Revision ee47f30a98f1262d21b5561d7470f0280fc48a24 authored by Roberto Di Cosmo on 10 November 2011, 07:28:25 UTC, committed by Roberto Di Cosmo on 10 November 2011, 07:28:25 UTC
1 parent 56ba07c
README
Parmap in a nutshell
--------------------
Parmap is a minimalistic library allowing to exploit multicore architecture for
OCaml programs with minimal modifications: if you want to use your many cores to
accelerate an operation which happens to be a map, fold or map/fold
(map-reduce), just use Parmap's parmap, parfold and parmapfold primitives in
place of the standard List.map and friends, and specify the number of
subprocesses to use by the optional parameter ~ncores.

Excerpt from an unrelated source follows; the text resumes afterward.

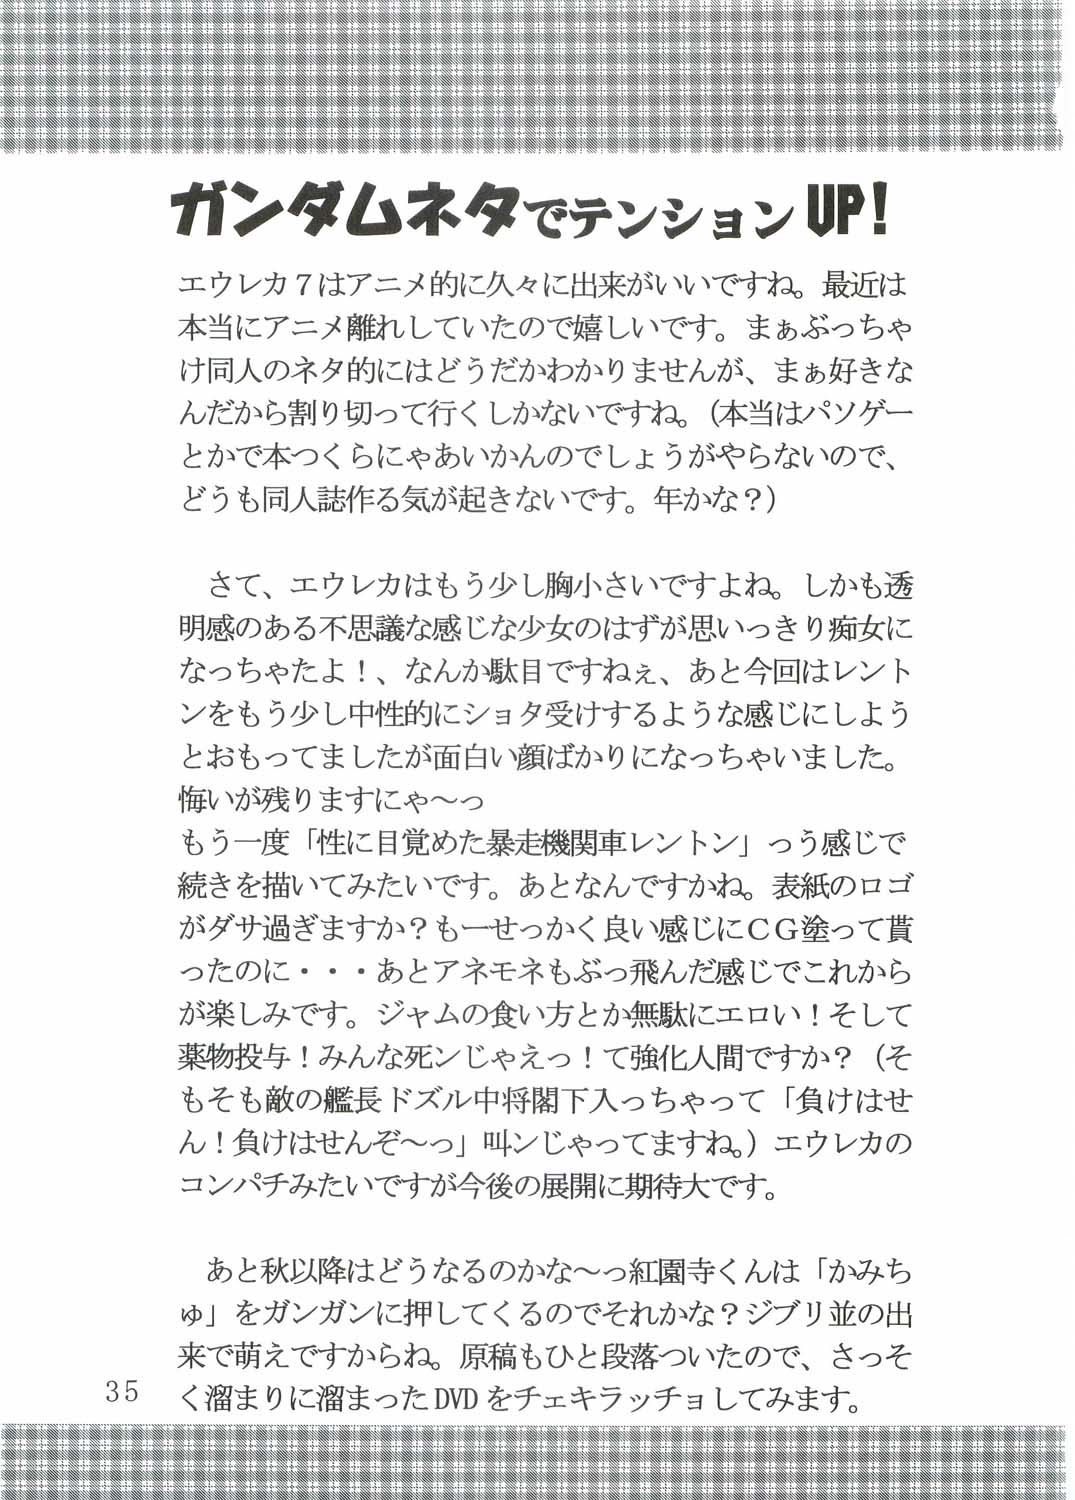 [St. Rio (Kitty, Kouenji Rei)] Ura ray-out (Eureka seveN) page 36 full

See the example directory for a couple of running programs.
DO'S and DONT'S
---------------
Parmap is *not* meant to be a replacement for a full fledged implementation of
parallelism skeletons (map, reduce, pipe, and the many others described in the
scientific literature since the end of the 1980's, much earlier than the
specific implementation by Google engineers that popularised them). It is
meant, instead, to allow you to quickly leverage the idle processing power of
your extra cores, when handling some heavy computational load.
The principle of parmap is very simple: when you call one of the three available
primitives, map, fold, and mapfold , your OCaml sequential program forks in n
subprocesses (you choose the n), and each subprocess performs the computation on
the 1/n of the data, in chunks of a size you can choose, returning the results
through a shared memory area to the parent process, that resumes execution once
all the children have terminated, and the data has been recollected.
You need to run your program on a single multicore machine; repeat after me:
Parmap is not meant to run on a cluster, see one of the many available
(re)implementations of the map-reduce schema for that.
By forking the parent process on a sigle machine, the children get access, for
free, to all the data structures already built, even the imperative ones, and as
far as your computation inside the map/fold does not produce side effects that
need to be preserved, the final result will be the same as performing the
sequential operation, the only difference is that you might get it faster.
The OCaml code is quite simple and does not rely on any external C library: all
the magic is done by your operating system's fork and memory mapping mechanisms.
One could gain some speed by implementing a marshal/unmarshal operation directly
on bigarrays, but we did not do this yet.
Of course, if you happen to have open channels, or files, or other connections
that should only be used by the parent process, your program may behave in a
very wierd way: as an example, *do not* open a graphic window before calling a
Parmap primitive, and *do not* use this library if your program is
multi-threaded!
Pinning processes to physical CPUs
----------------------------------
To obtain maximum speed, Parmap tries to pin the worker processes to a CPU,
using the scheduler affinity interface that is available in recent Linux
kernels. Similar functionality may be obtained on different platforms using
slightly different API. Contributions are welcome to support those other APIs,
just make sure that you use autoconf properly.
Using Parmap with Ocamlnat
--------------------------
You can use Parmap in a native toplevel (it may be quite useful if you use the
native toplevel to perform fast interactive computations), but remember that you
need to load the .cmxs modules in it; an example is given in example/topnat.ml
Preservation of output order in Parmap
--------------------------------------
If the number of chunks is equal to the number of cores, it is easy to preserve
the order of the elements of the sequence passed to the map/fold operations, so
the result will be a list with the same order as if the sequential function would
be applied to the input. This is what the parmap, parmafold and parfold functions
do when the chunksize argument is not used.
If the user specifies a chunksize that is different from the number of cores,
there is no general way to preserve the ordering, so the result of calling
Parmap.parmap f l are not necessarily in the same order as List.map f l.
In general, using little chunksize helps in balancing the load among the workers,
and provides better speed, at the price of losing the ordering: there is a
tradeoff, and it is up to the user to choose the solution that better suits him/her.